A business cycle is a cycle of fluctuations of the economic activity measured by the gross domestic product, or GDP, of a country. From its trough to peak, it is divided into 5 important stages, as defined by Calverley, and shown below.
The first stage after the trough is recovery. The economy slowly begins to pick up after a recession. Good investments at this point are cyclical stocks and commodities, followed by riskier assets. Cyclical stocks are those that move with the economy. Examples include auto manufacturers, clothing stores, dining and restaurants, etc.
The second stage is early upswing. The economy continues to gain momentum as consumer and investor confidence grows. Good investments are stocks and real estate.
In the late upswing stage, stock valuations will have peaked, along with prices of riskier assets. Interest rates have probably increased at this stage. So it is also a good time to invest in interest-rate sensitive stocks, such as banks, and bonds. Bonds are cheaper because of high interest rates. Bond prices are inversely proportional to yields.
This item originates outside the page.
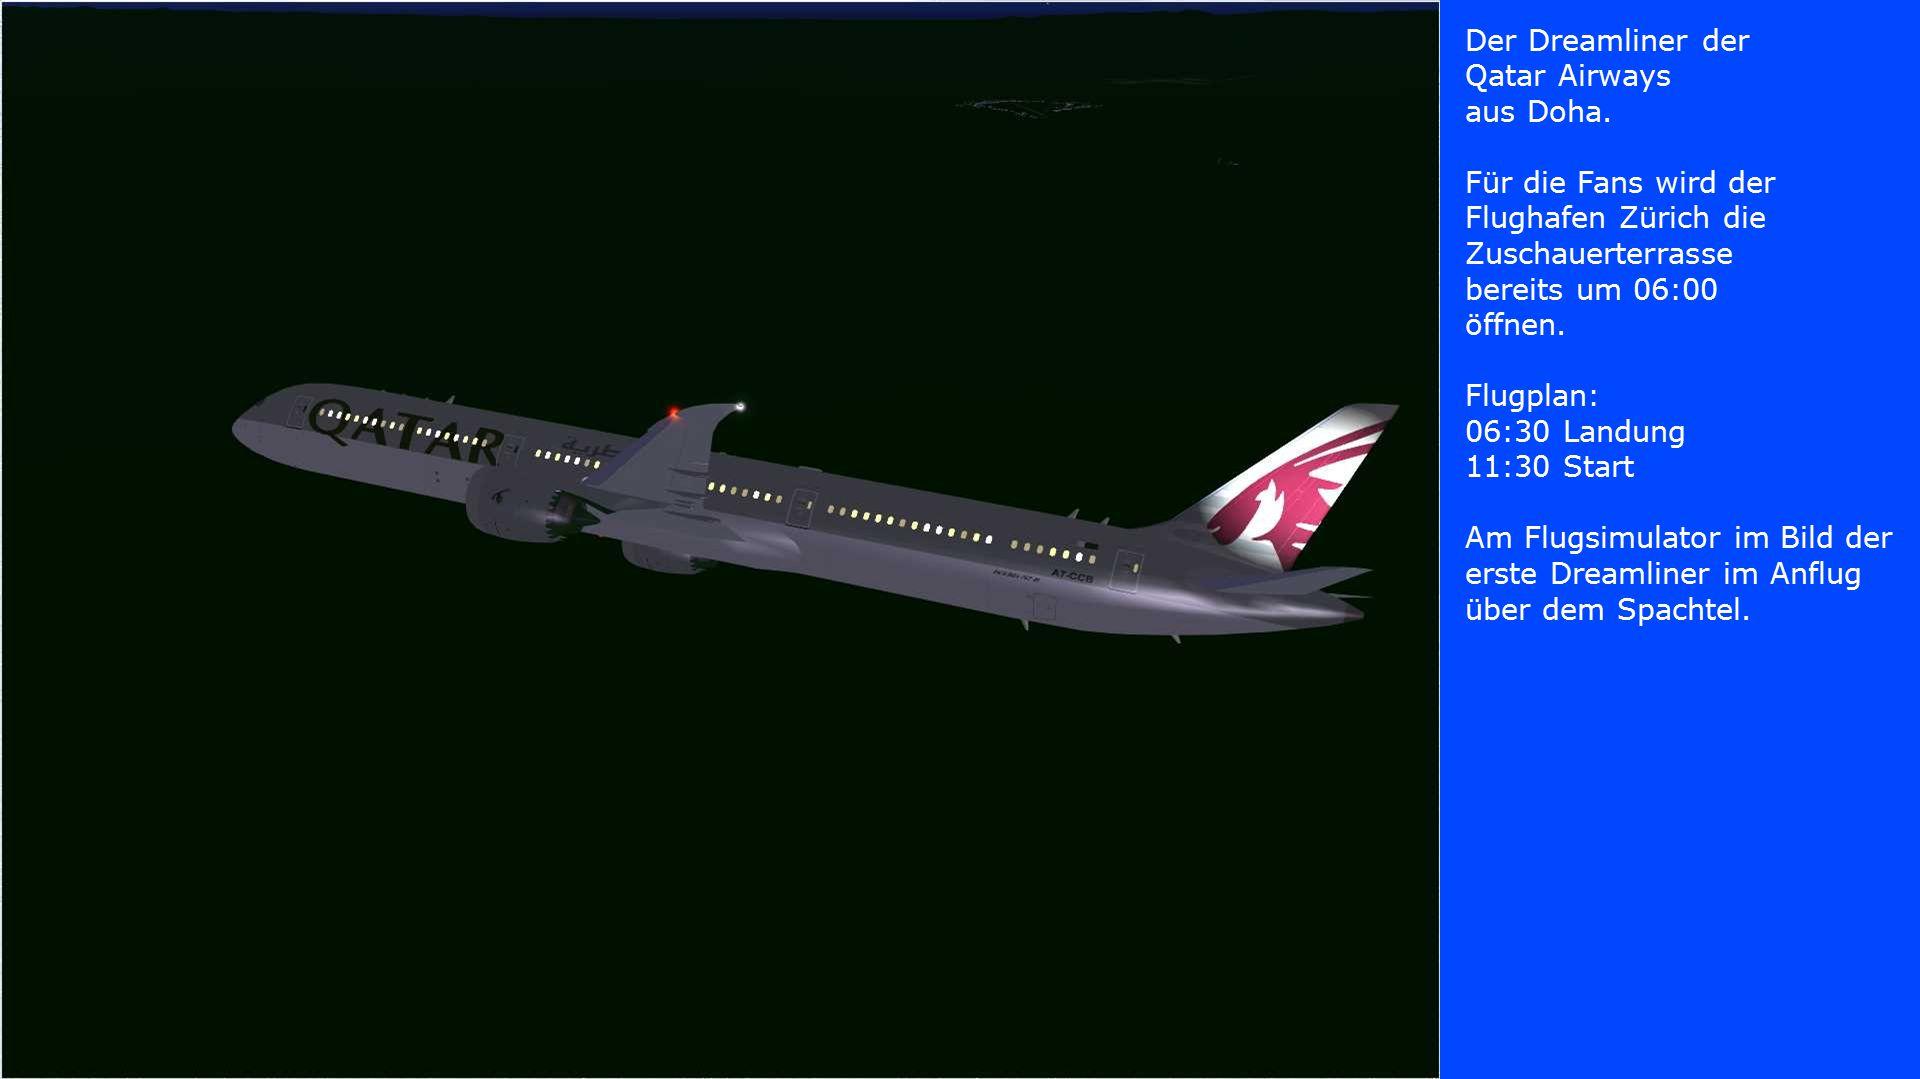 Der Dreamliner der Qatar Airways aus Doha. Für die Fans wird der Flughafen Zürich die Zuschauerterrasse bereits um 06:00 öffnen. Flugplan: 06:30 Landu

In the slowdown stage, bonds and interest rate sensitive stocks continue to remain attractive investments. These will benefit from the monetary policy that will like ease in the next stage.
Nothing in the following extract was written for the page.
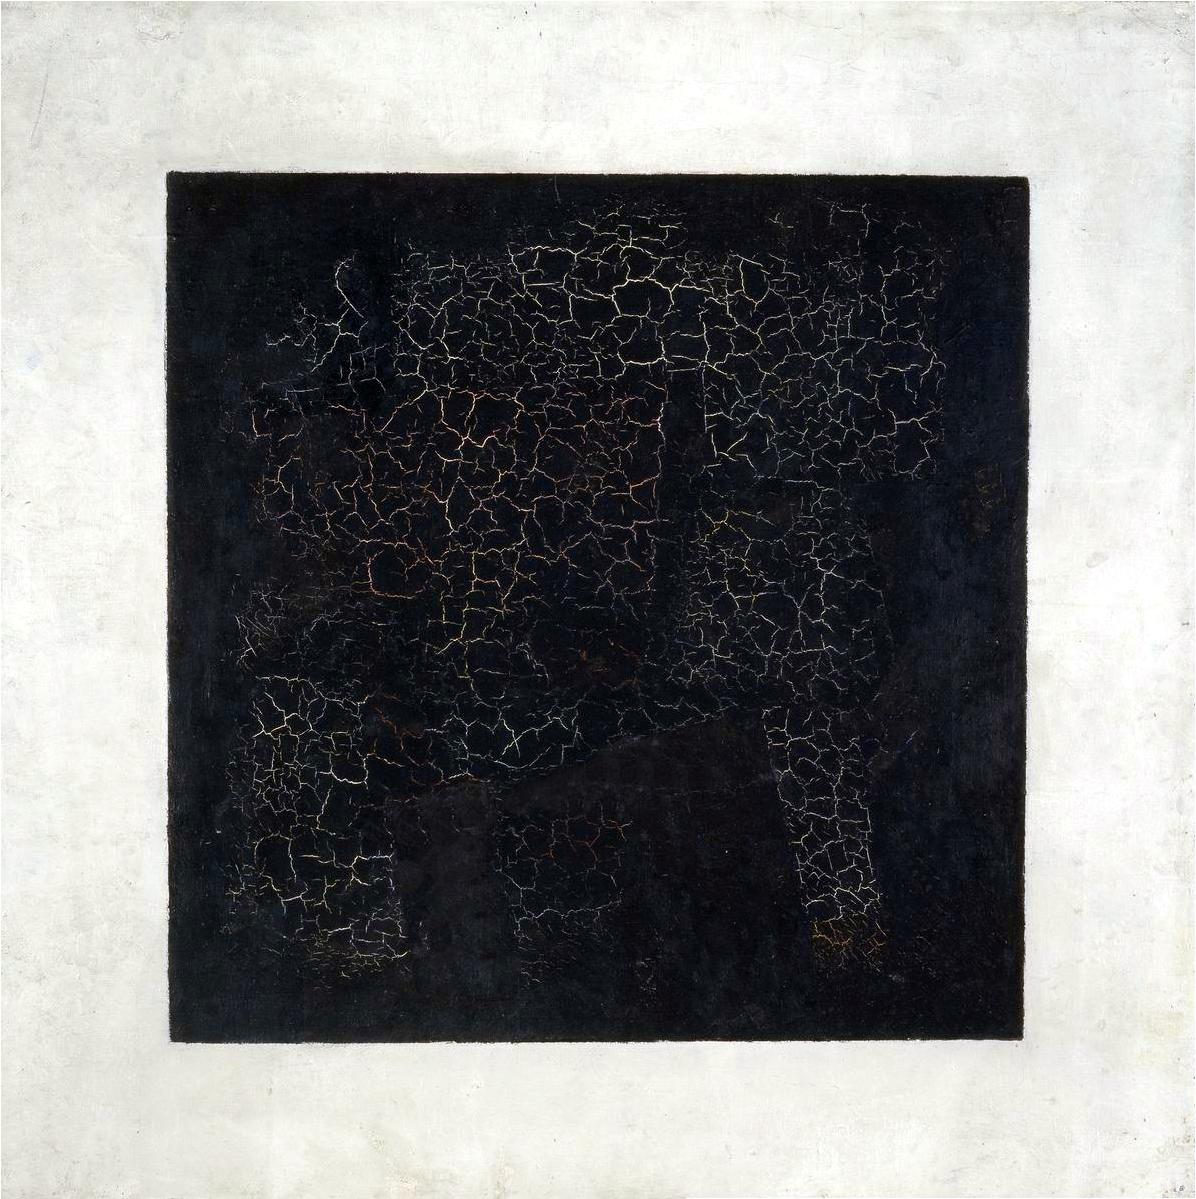 Казимир Малевич. Черный квадрат. 1915 г. Государственная Третьяковская галерея, Москва

The final stage in the cycle is recession. Monetary policy will be eased – that is, the short-term interest rates will be lowered. This will benefit bonds and stock valuations. However, there is a lag before recovery when investor sentiment normalizes. This is a good time to invest in stocks and commodities.
According to the National Bureau of Economic Research, since 1857, the United States has been through 33 business cycles. The average length of cycles has been close to 70 month. 2007-2009 was the last recession. Since 2009, the US economy has expanded. In March of 2019, it seems to be slowing down. Recession is still expected to be about a year out.
Where are we now in the business cycle?
It is impossible to know exactly where we are and how long we have before the next stage in the business cycle begins. However, there are some helpful indicators that economists use for that purpose, such as housing starts, unemployment, inflation, average hourly earnings, the yield curve, etc.